■ PROBLEM STATEMENT ■
From the line that contains "Pair of armchairs" down to the last line of the data below, restate every line word for word, skipping any images.

■ SOURCE DATA ■
◇ ◇ ◇ ◇ ◇ ◇ ◇

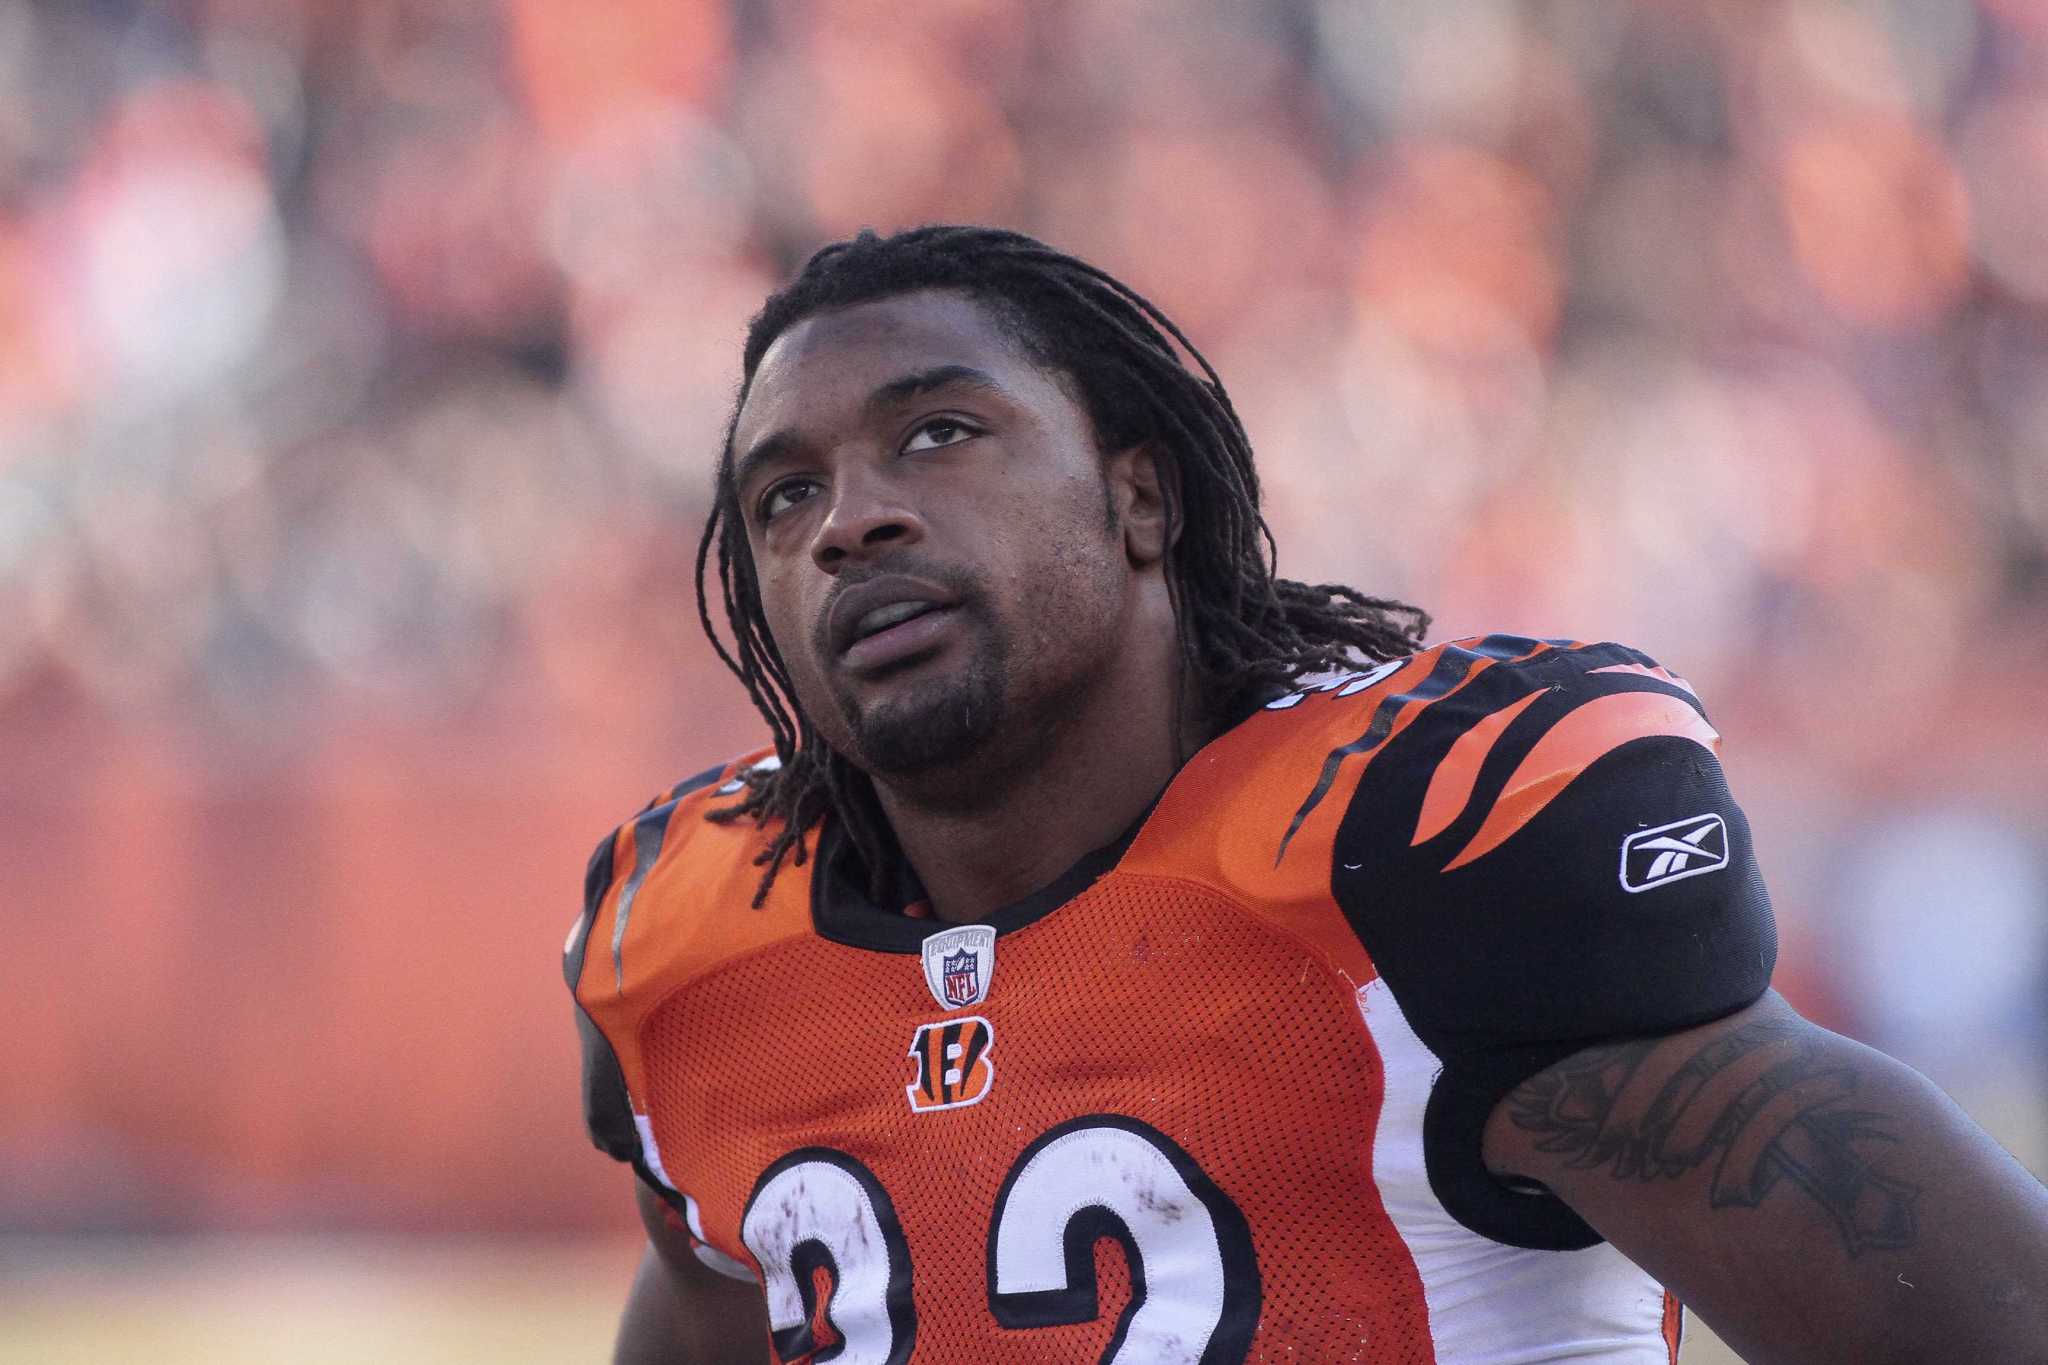 Former NFL player Cedric Benson dies in motorcycle accident at 36
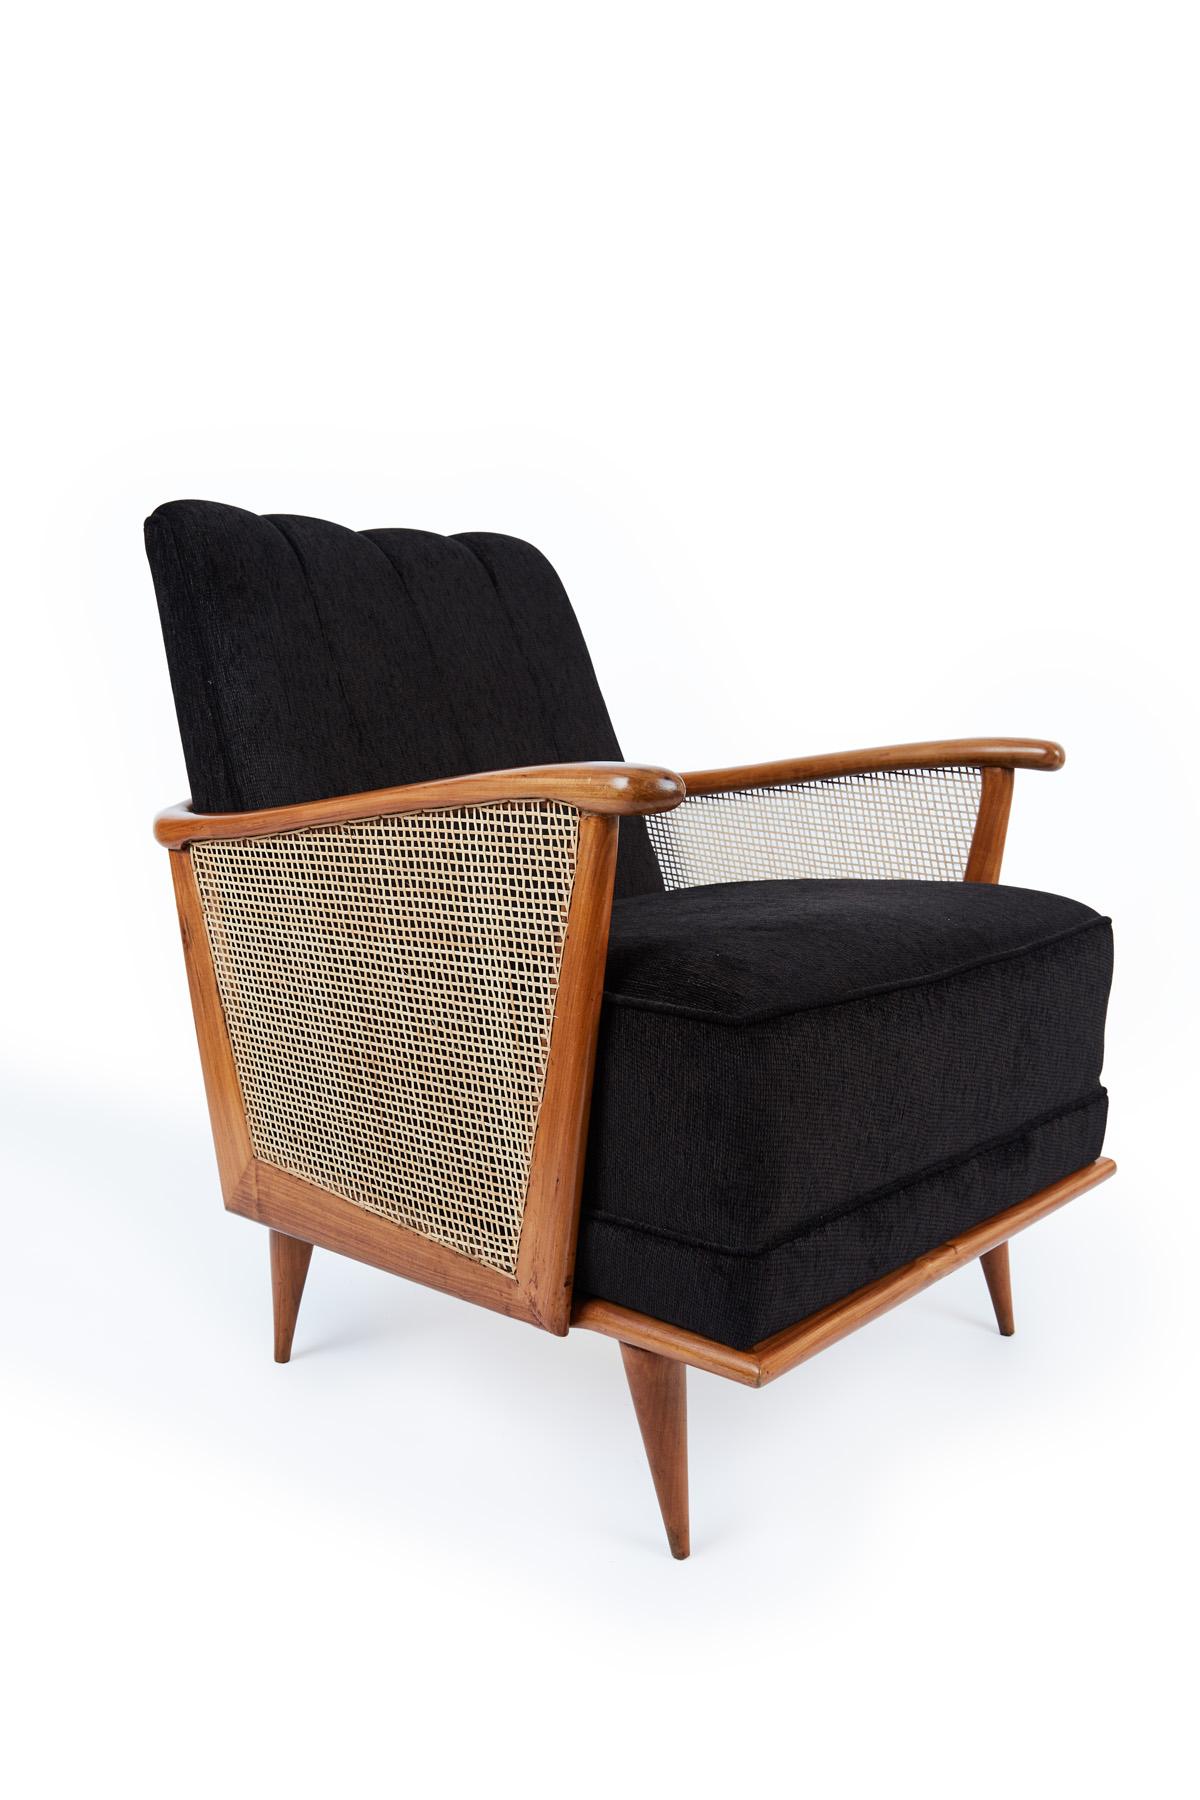 Pair of armchairs in Caviuna wood and fabric, 1950s
Measures: H 80 x W 64 x D 72 cm.

◇ ◇ ◇ ◇ ◇ ◇ ◇

■ ANSWER SPACE ■
 Pair of armchairs in Caviuna wood and fabric, 1950s
Measures: H 80 x W 64 x D 72 cm.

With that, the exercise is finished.